Prosciutto e melone ($15) is a thing in Europe, especially Italy. A healthful and fulfilling dish, it pairs parma prosciutto with slices of cantaloupe. It's a hefty portion too, so if you're watching what you eat and pasta doesn't agree with your diet, this dish is a far better alternative to the grapes and turkey you'd planned to take to the office. And it keeps lunch under $20.

It's also offered only as a lunch special. "The fresh cantaloupe and prosciutto, spaghetti alla carbonara with crispy guanciale and pecorino romano, and grilled mahi-mahi with salsa verde and garden vegetables are the highlights of the lunch menu," Fabrizio explains. "They are also new additions, so you can't get them on the regular menu. The grilled beef battuta you can only have during lunch too."

There's also a salad, in case your diet is so strict that even prosciutto is out. It includes roasted beets and cucumber with multicolor tomatoes, asparagus, and a zesty lemon dressing ($14).

Those who love pasta will be thrilled to see carbonara on the specials menu. Quattro is heavy with guanciale, pecorino cheese, and egg yolk sauce ($18). It's enough to fill you up and have leftovers for dinner.

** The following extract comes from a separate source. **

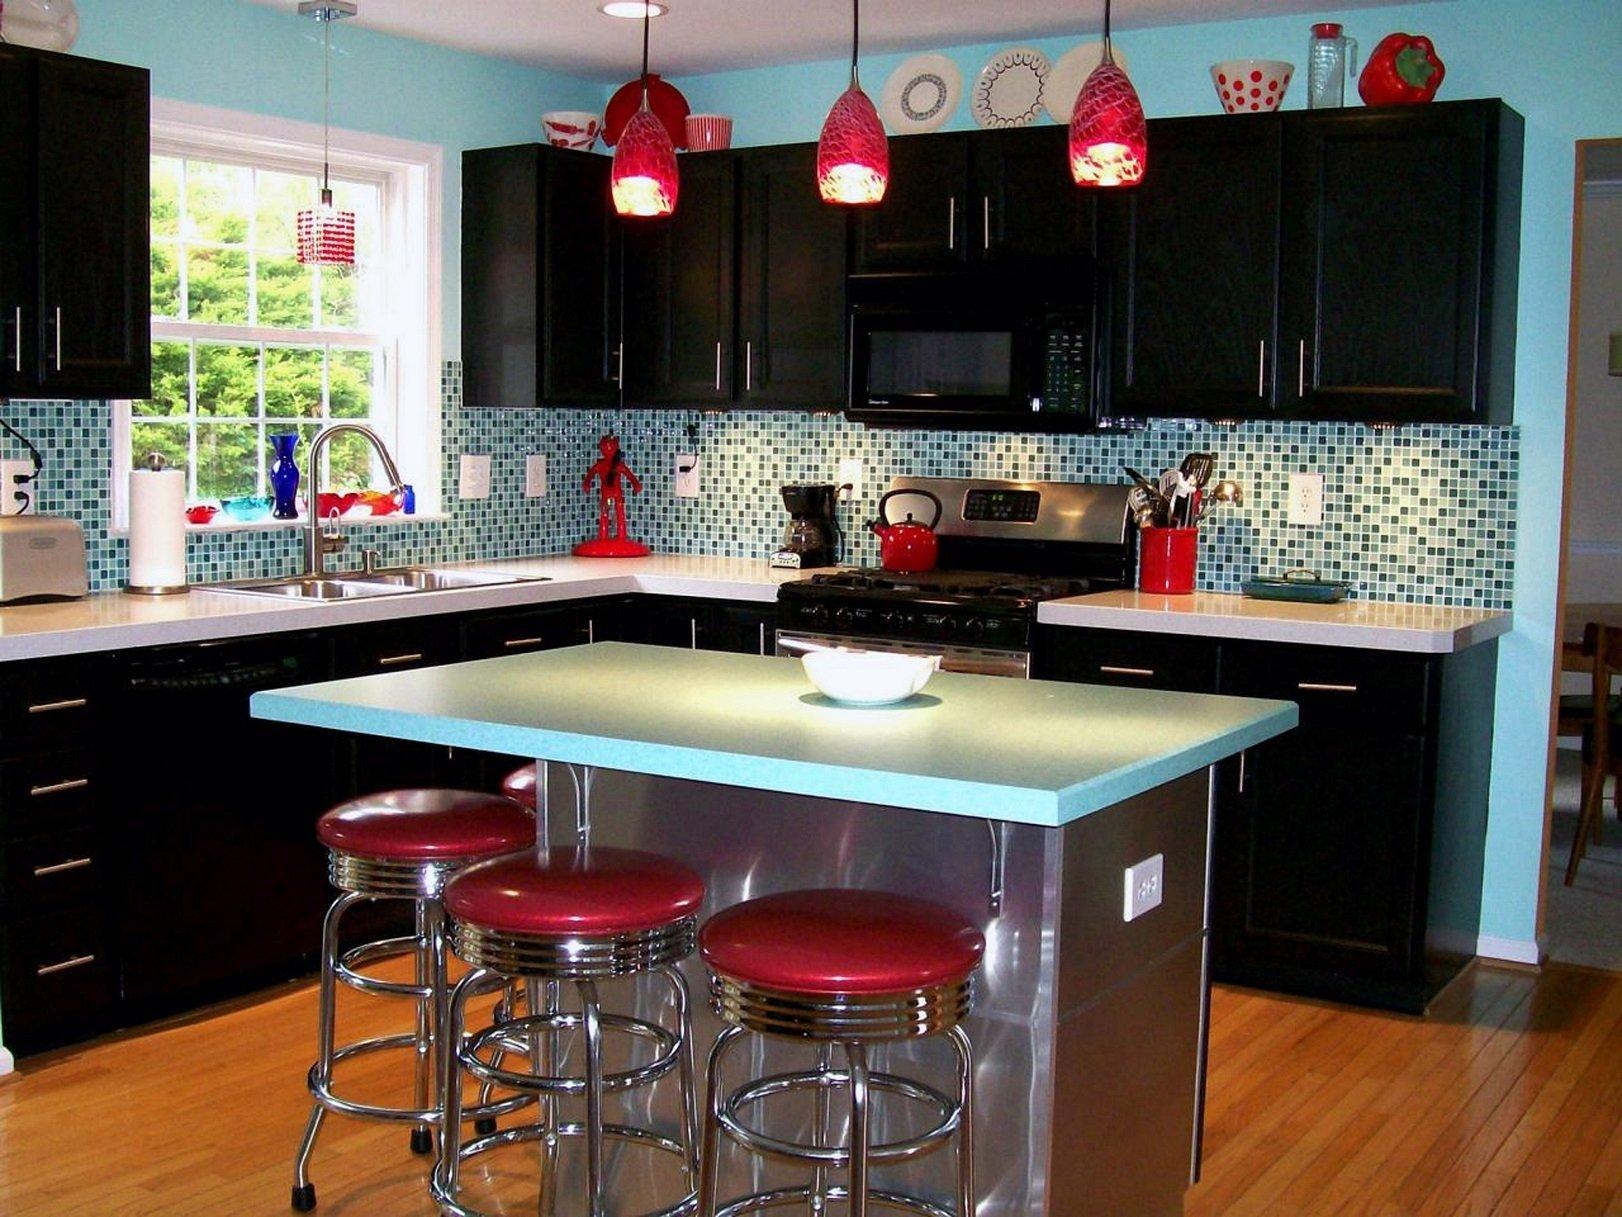 10 Pretty Kitchen Paint Ideas With Dark Cabinets kitchen paint colors with dark cabinets 2020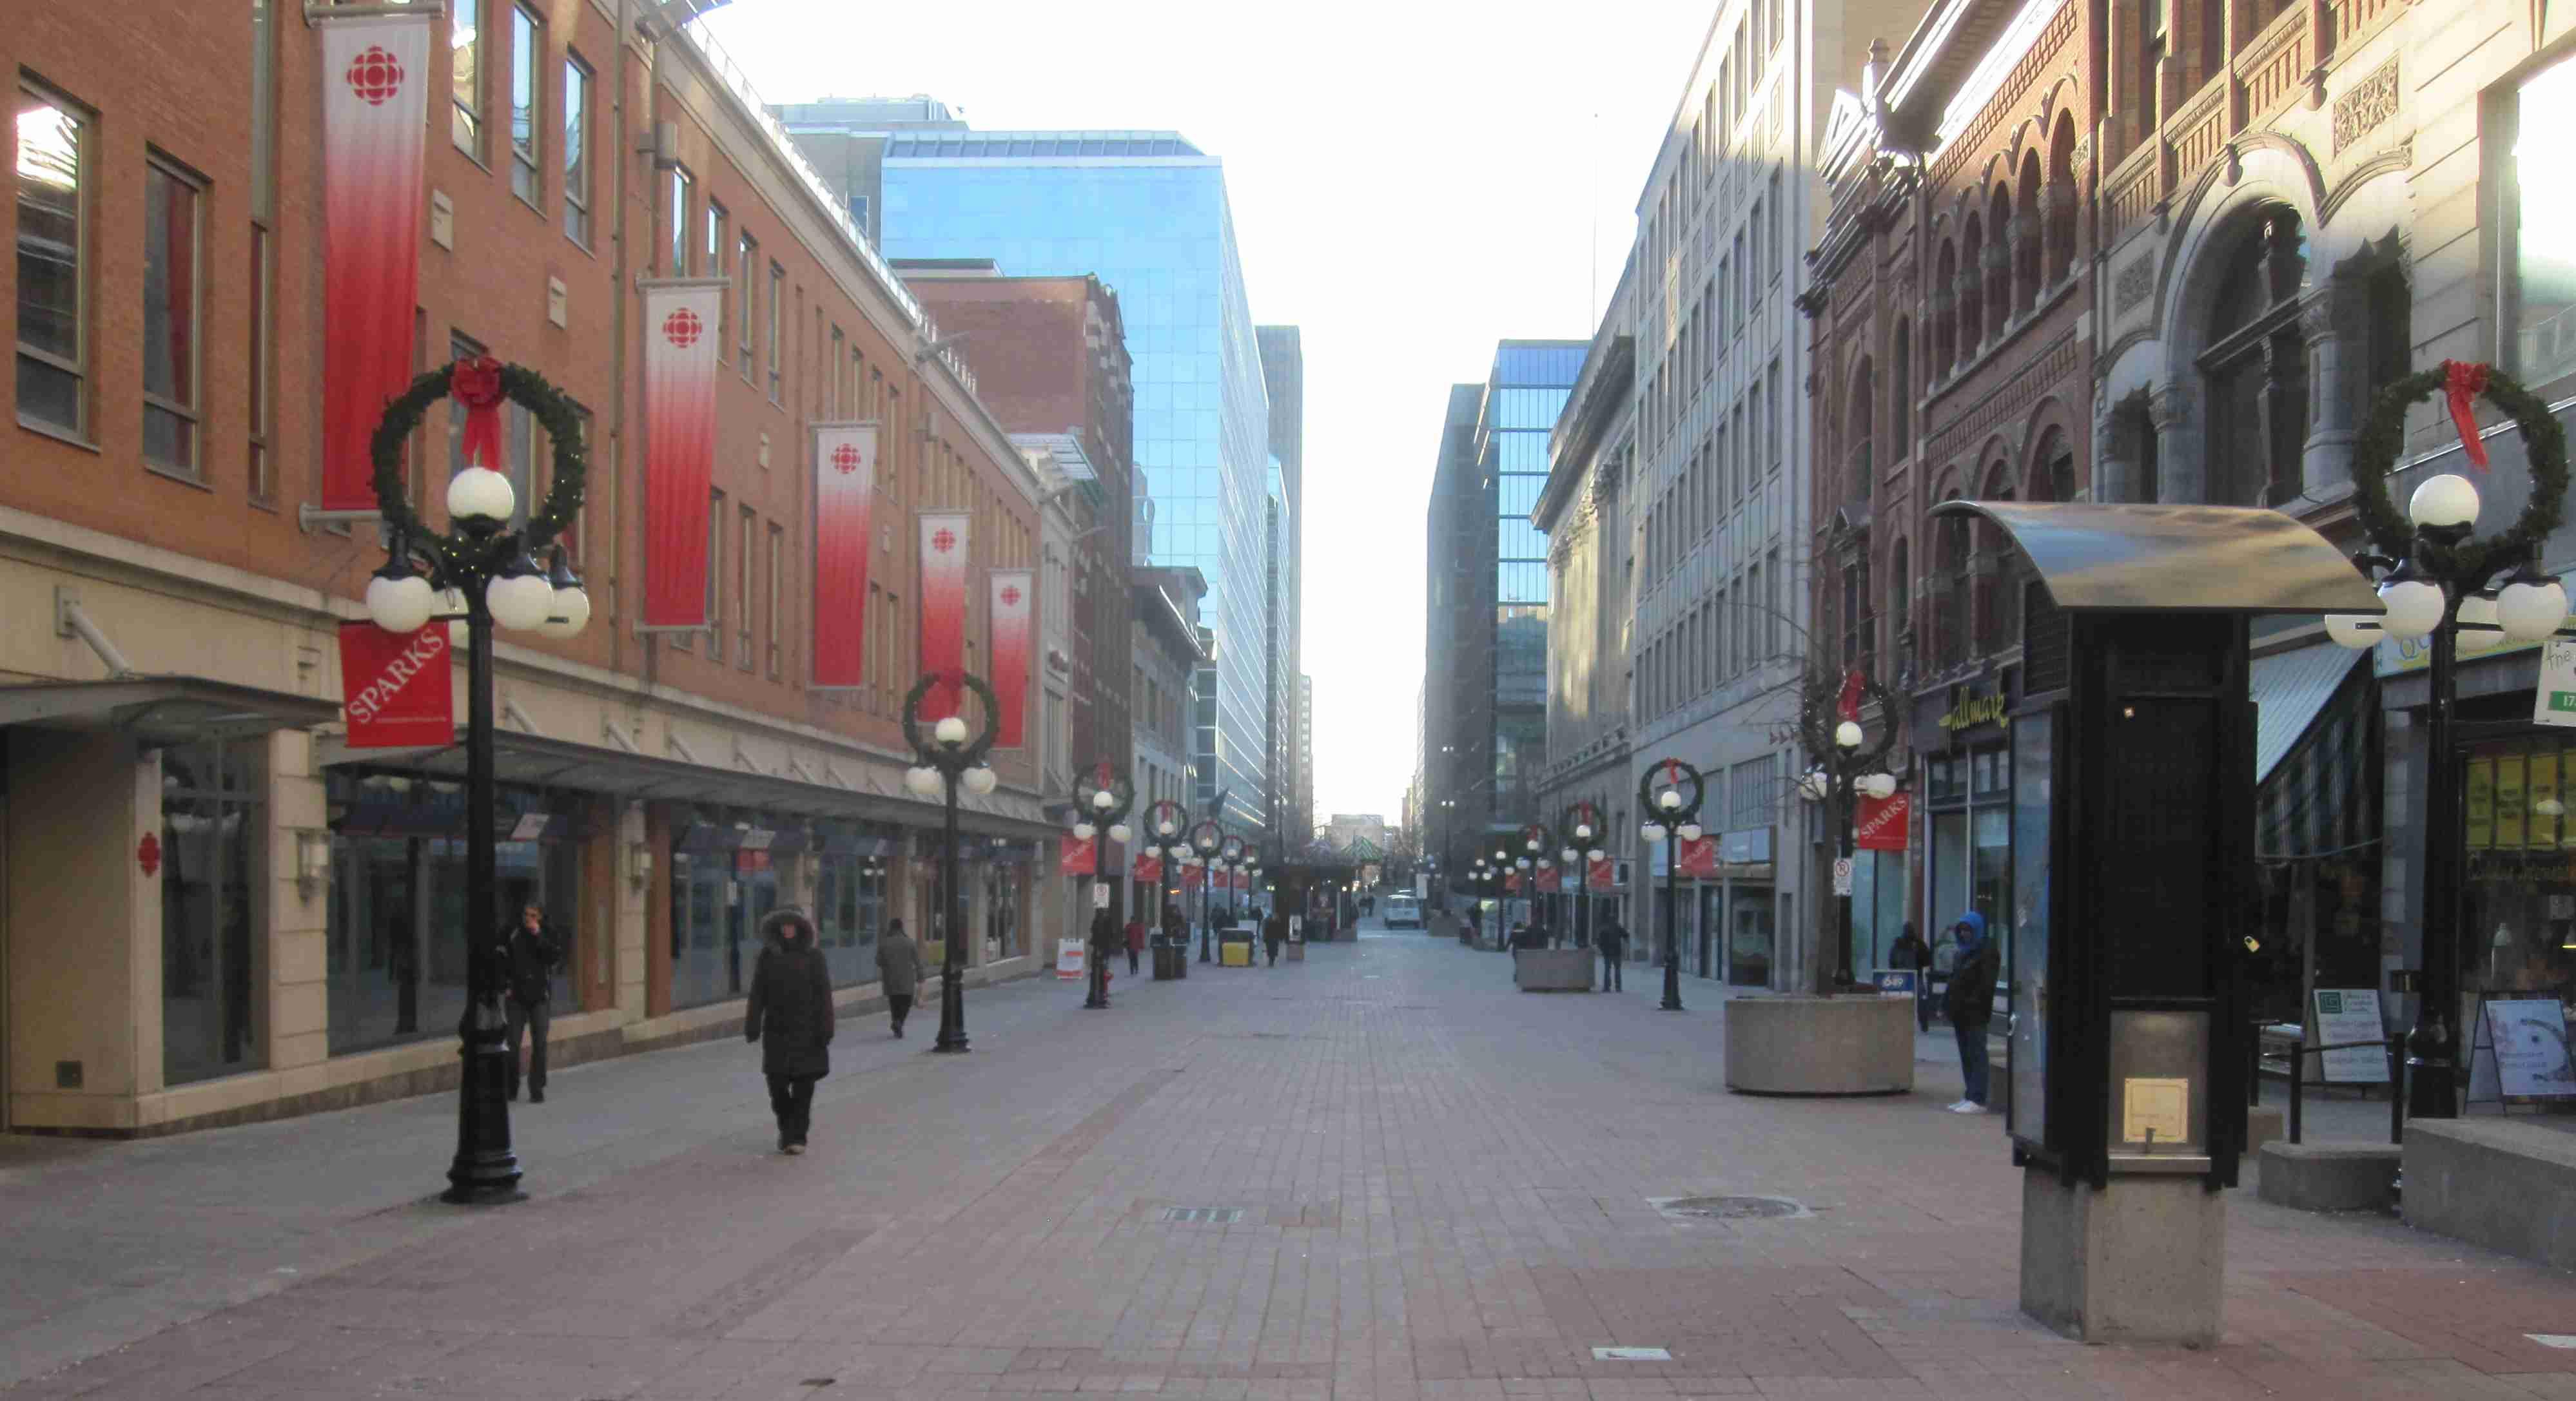 2011 12 20 urban commuter Ottawa 003

If red sauce is your thing, the parpadelle alla norma tosses fresh parpadelle pasta with eggplant and dry ricotta in a light but rich basil and tomato sauce ($16).

If you're brave enough to make it secondi or just want to skip through to the end and indulge in nothing but protein, the beef paillard dressed in a traditional olive oil, garlic, and tomato sauce ($22) will satisfy you. It's complemented by graceful arugula and Parmesan salad.

Or maybe lampuga is your thing. Don't know what that is? We didn't either. Turns out it's just Italian for mahi-mahi. This fillet is grilled in a lemon sauce and served on a bed of asparagus and alongside some colorful tomatoes with balsamic ($23).

How do the twins divide duties with all this food and running around? "We come a couple of times a week to Lincoln Road to go over things with our talented chef de cuisine. We create new specials, menu items, etc.," Nicola says.

We asked the Italian brothers what they preferred -- red or white pasta sauce -- and if they could have only one dish for lunch every day for the rest of their lives, what it would be. Turns out twins do think alike, because they both said the same thing. For sauce, they'd go with red, but for a dish to have every day and never get tired off, they'd give up the red sauce and opt for spaghetti carbonara. "For sure!" You can now get the spaghetti carbonara Monday through Friday till 6 p.m.